CORIGLIANO CALABRO (CS) – La Guardia Costiera e la Guardia di Finanza hanno compiuto un’attività congiunta all’interno del mercato ittico nel porto di Corigliano Calabro.
Oltre 20 militari durante tutta la notte, hanno proceduto a controllare gli operatori commerciali presenti, con il supporto tecnico del servizio veterinario dell’Azienda Sanitaria Provinciale di Cosenza. Durante i controlli sono emerse diverse irregolarità, alcune in violazione di norme penali ed altre di tipo amministrativo, per cui 8 persone sono state segnalate alla Procura della Repubblica di Castrovillari ed una è stata multata per 1500 Euro.
Si tratta in particolare di alcuni operatori, che in violazione del Regolamento comunitario 1967/2006, sono stati sorpresi a commercializzare oltre 30 chili di pesce sotto misura tra cui triglie e naselli, anche provenienti da grossisti fuori regione. In alcuni box è stata riscontrata la presenza di prodotti ittici tra cui totani argentini e ali di razza dell’Atlantico, ricongelati e poi nuovamente in fase di scongelamento a temperatura ambiente e pertanto deteriorabili e non commestibili. Ancora, in una cella frigo sono stati rinvenuti gamberi di provenienza sconosciuta già scongelati in precedenza e poi ricongelati. Da alcune celle frigo poi, proveniva un forte odore sgradevole; all’interno oltre 200 chili di pesce in cattivo stato di conservazione e non idonei al consumo umano. Un commerciante è stato multato per 1500 per omessa indicazione della provenienza del pesce posto in vendita, in violazione del Regolamento comunitario 178/2002.
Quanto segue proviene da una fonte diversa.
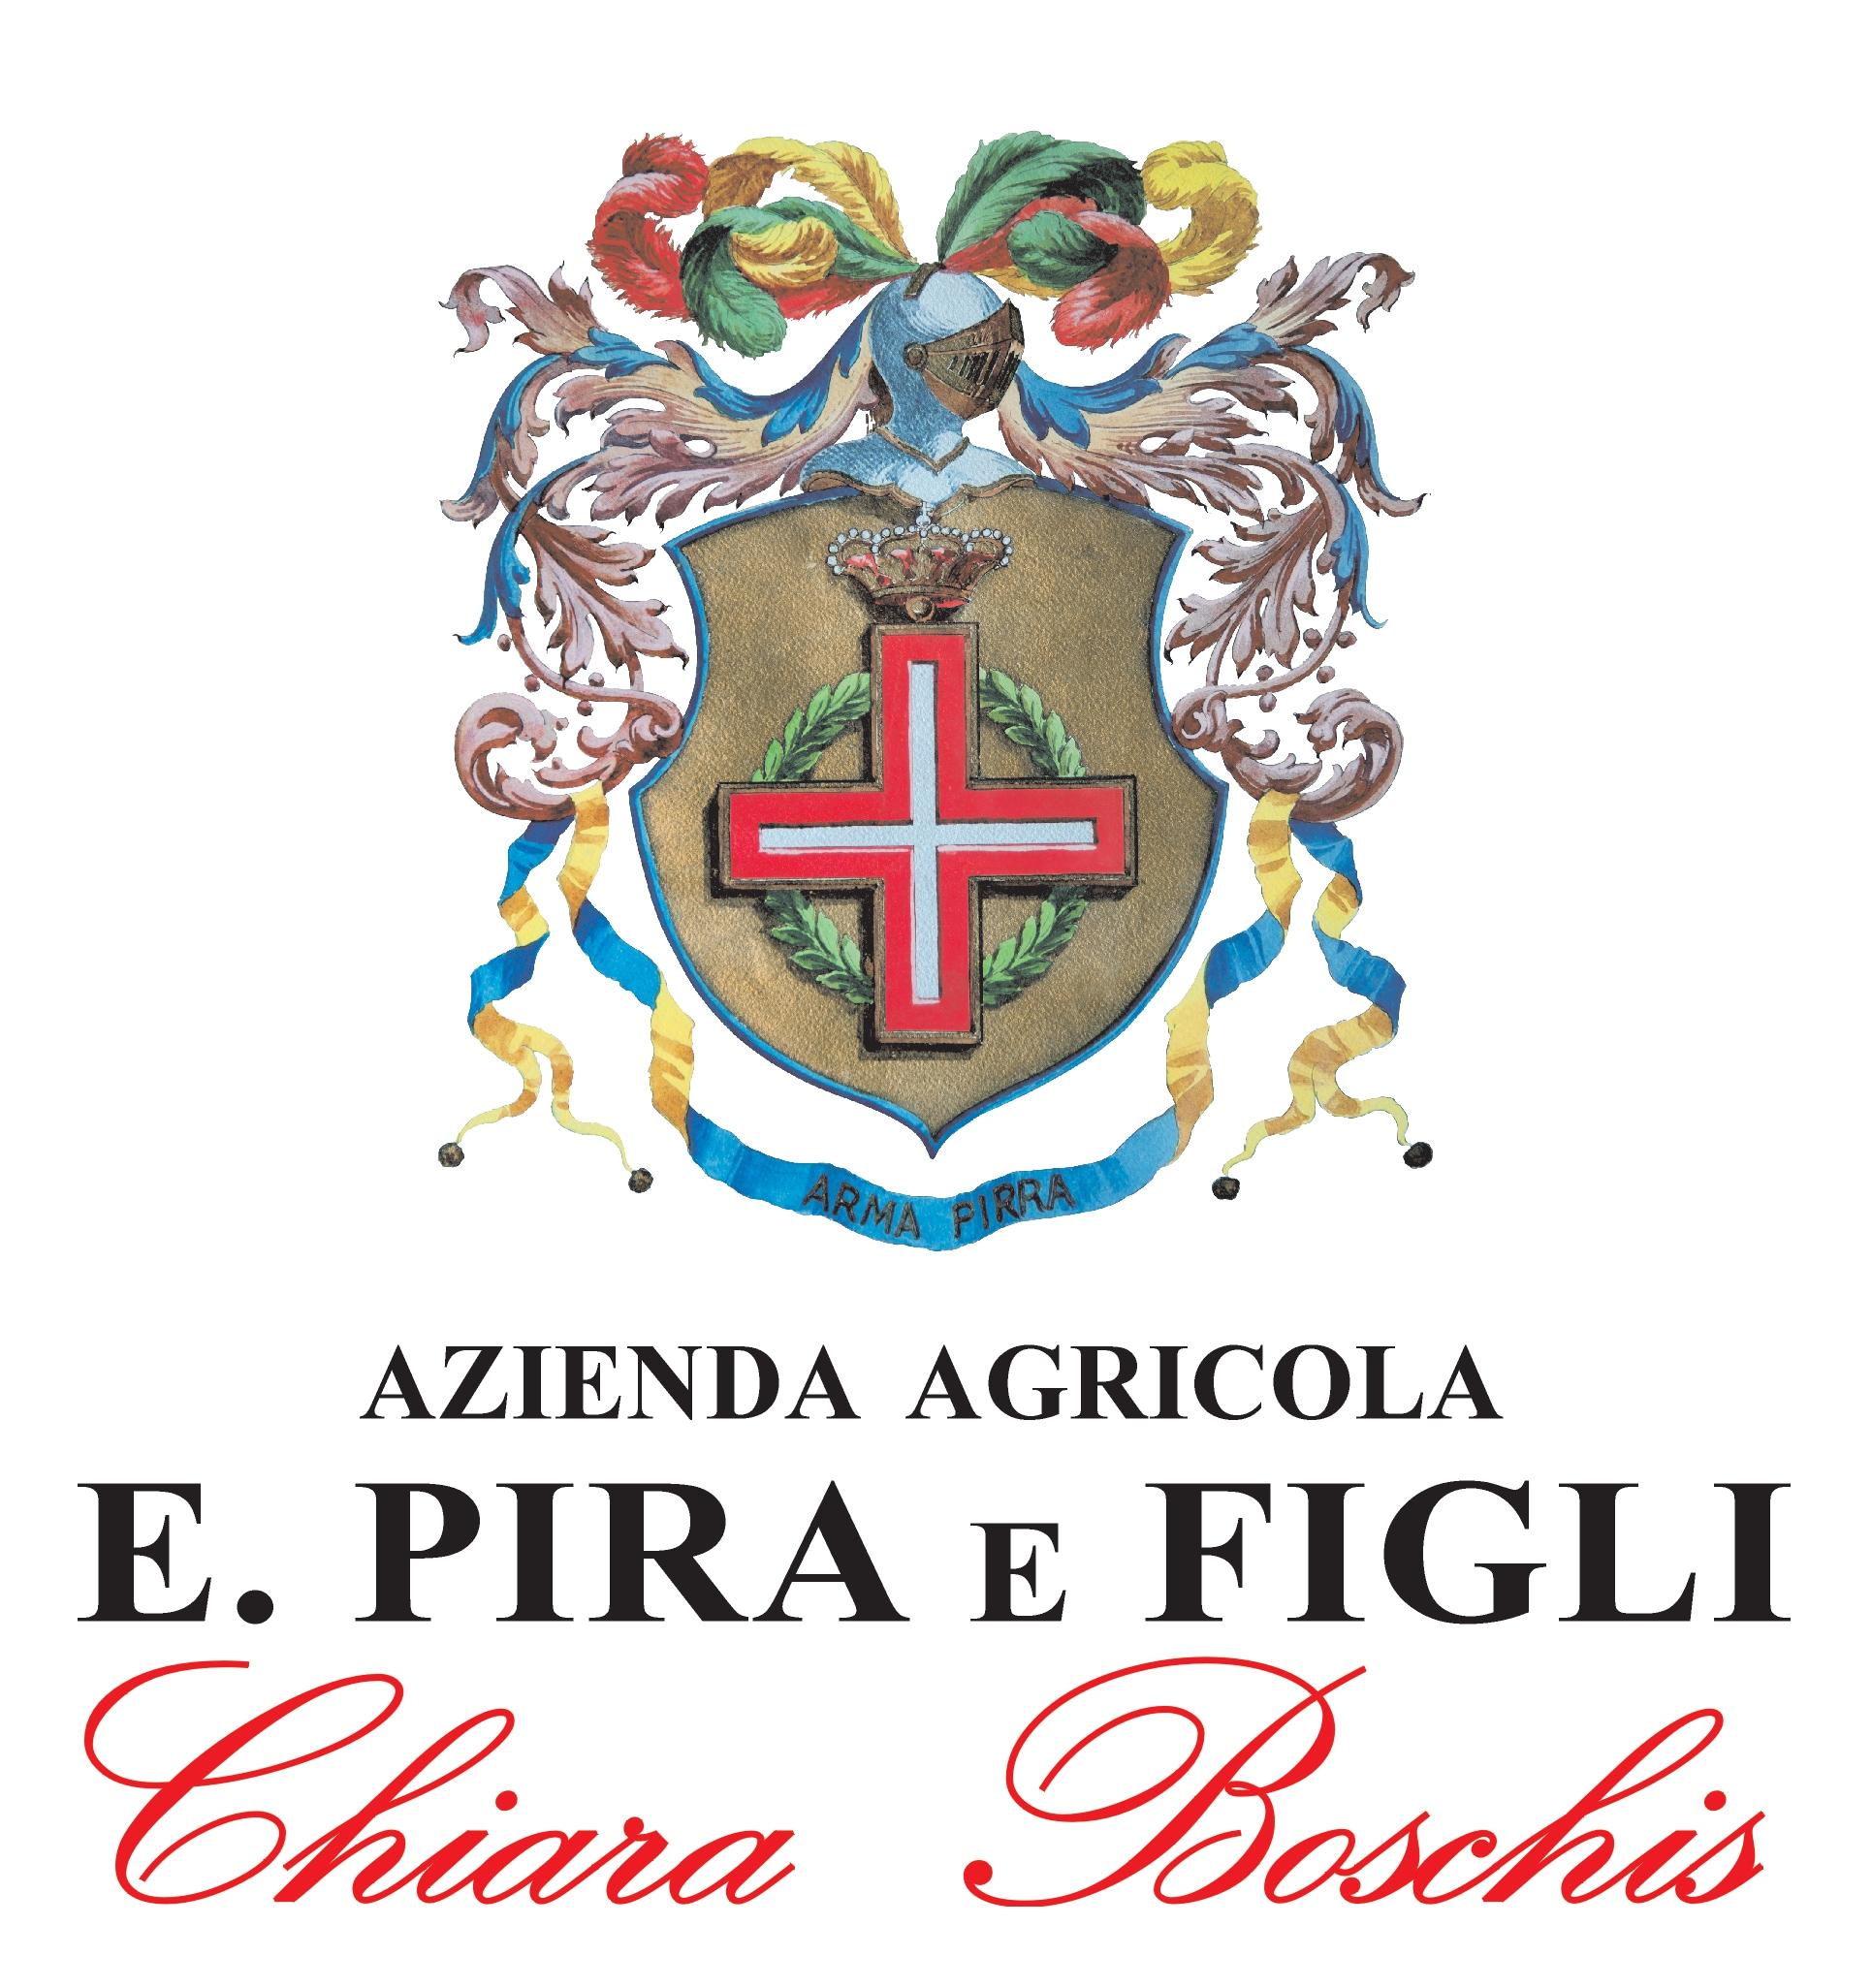 AZIENDA AGRICOLA E.PIRA E FIGLI/ピラー

Tutto il pesce in questione, 300 chilogrammi, è stato sottoposto a sequestro penale per violazione della normativa in materia di pesca e della normativa sanitaria sulla commercializzazione dei prodotti ittici. I veterinari dell’ASP hanno giudicato commestibile ed idoneo al consumo umano solo 30 chili dei complessivi 300 di pesce sequestrato che così, su autorizzazione del Magistrato di turno presso la Procura di Castrovillari, è stato donato in beneficenza alla mensa della locale Caritas diocesana. Il restante prodotto, non commestibile, è stato avviato a distruzione con ditta autorizzata e a spese dei responsabili del reato.